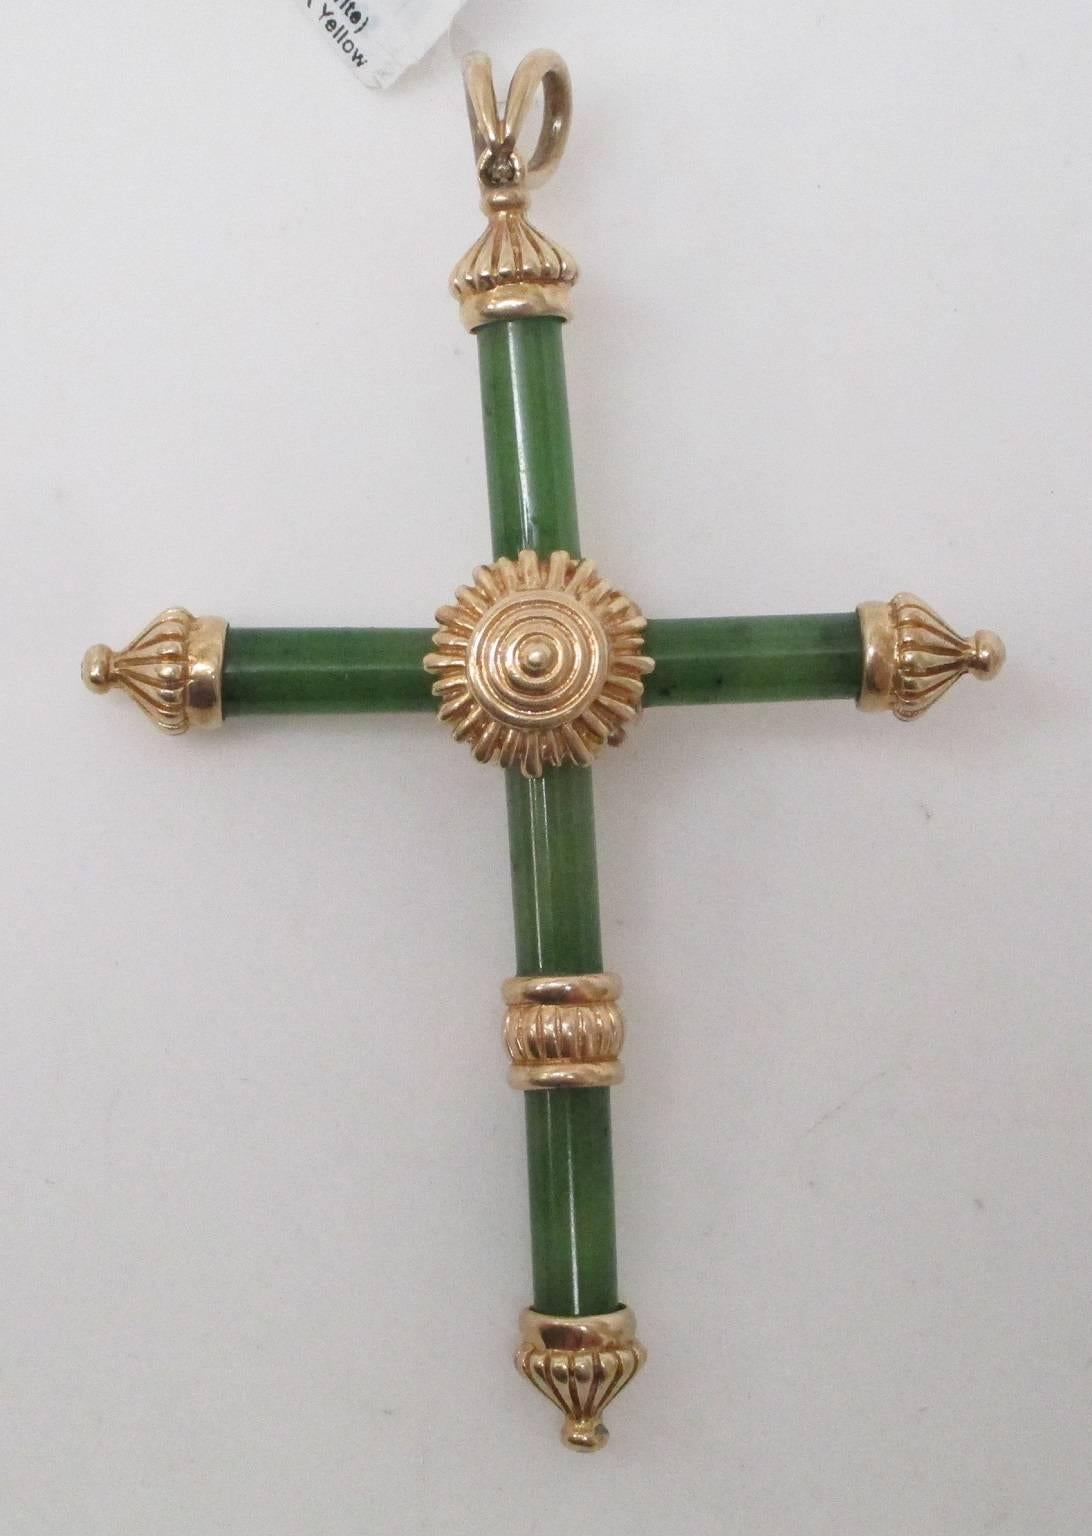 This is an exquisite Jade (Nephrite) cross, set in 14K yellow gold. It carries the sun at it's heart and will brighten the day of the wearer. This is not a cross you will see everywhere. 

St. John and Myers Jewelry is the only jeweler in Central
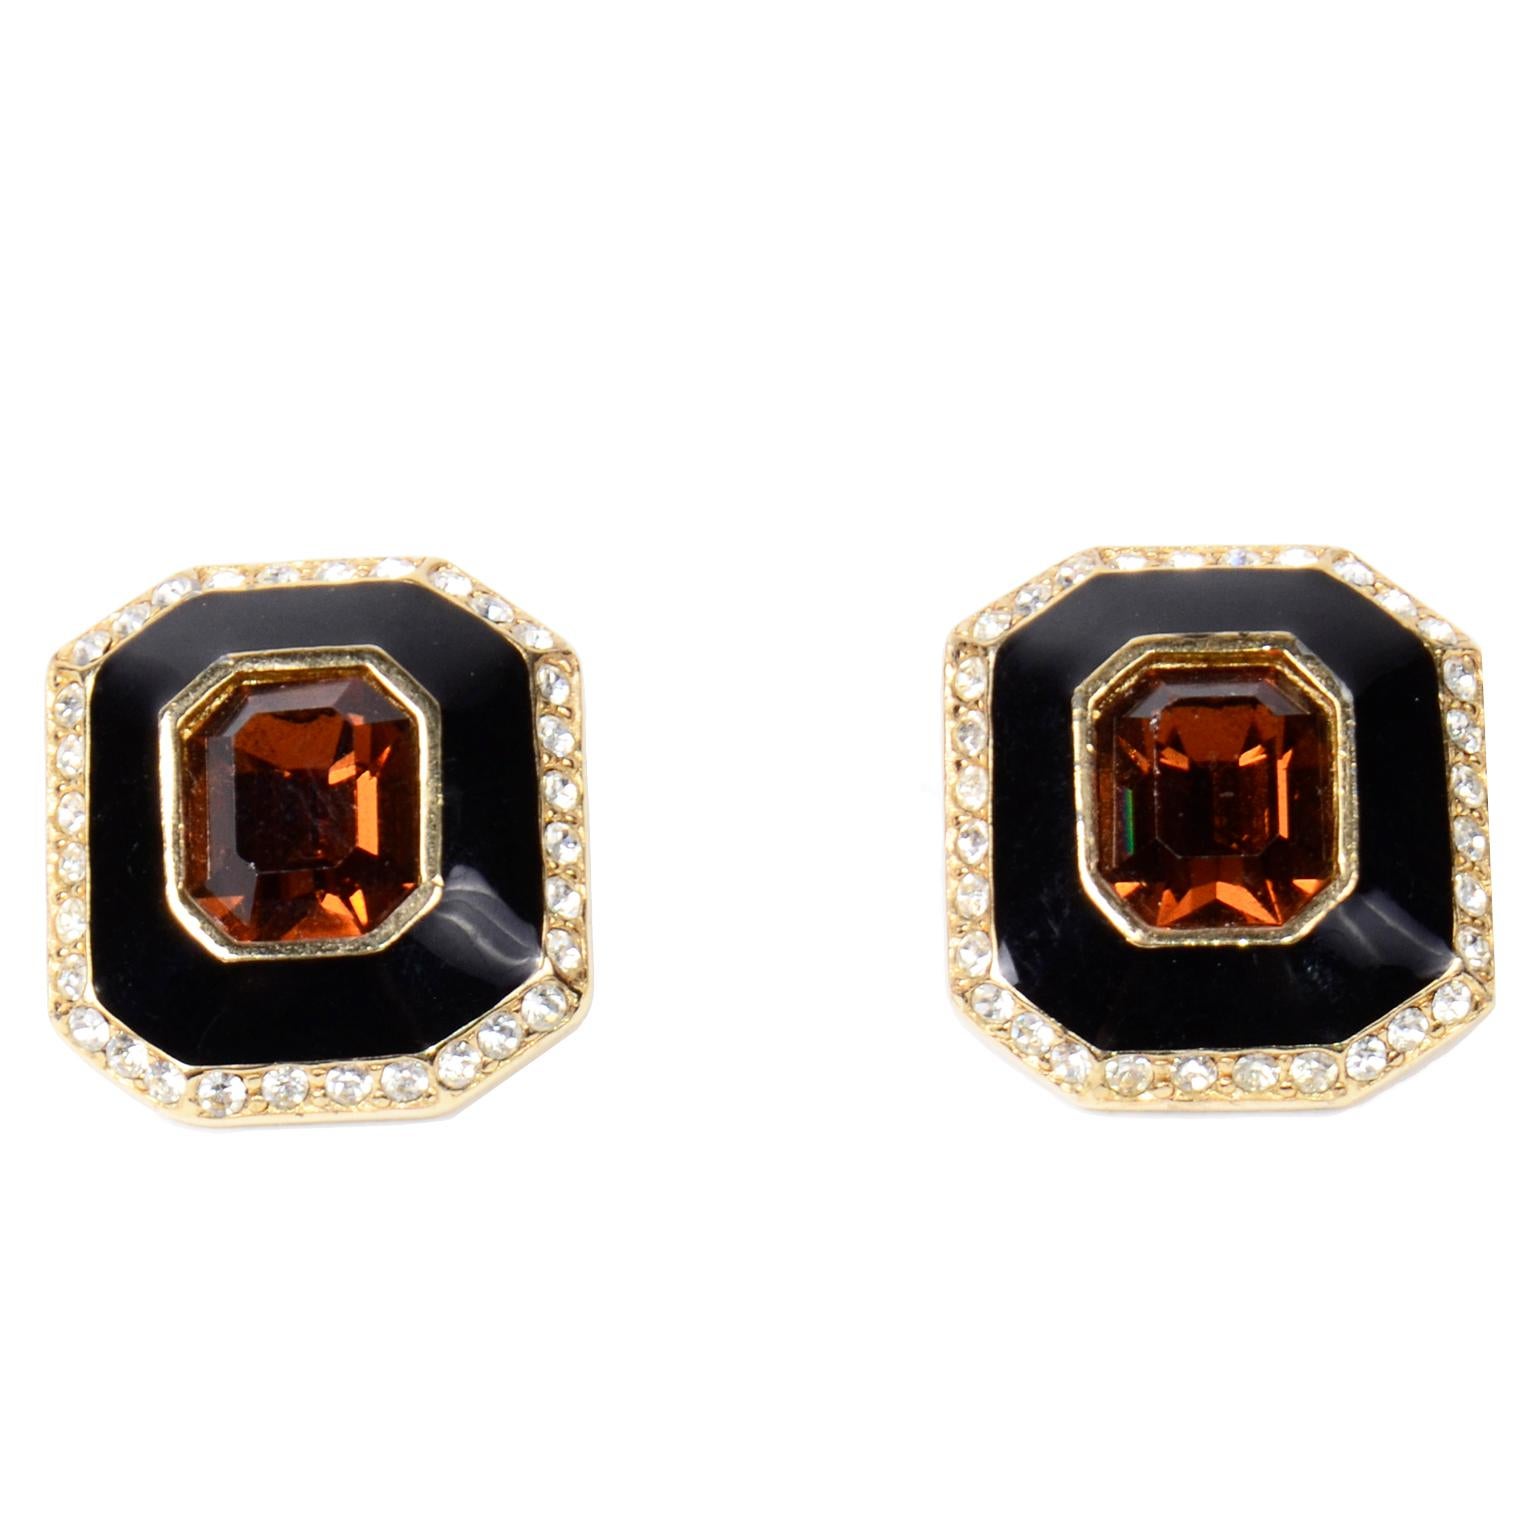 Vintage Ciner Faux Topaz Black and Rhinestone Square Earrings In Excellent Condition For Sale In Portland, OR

==============================

Your goal ▸ Pictures are to be omitted; otherwise, every line from the first line of the listing through the line containing "St. John and" must be reproduced exactly, both ends included.

Answer ▸
 This is an exquisite Jade (Nephrite) cross, set in 14K yellow gold. It carries the sun at it's heart and will brighten the day of the wearer. This is not a cross you will see everywhere. 

St. John and Myers Jewelry is the only jeweler in Central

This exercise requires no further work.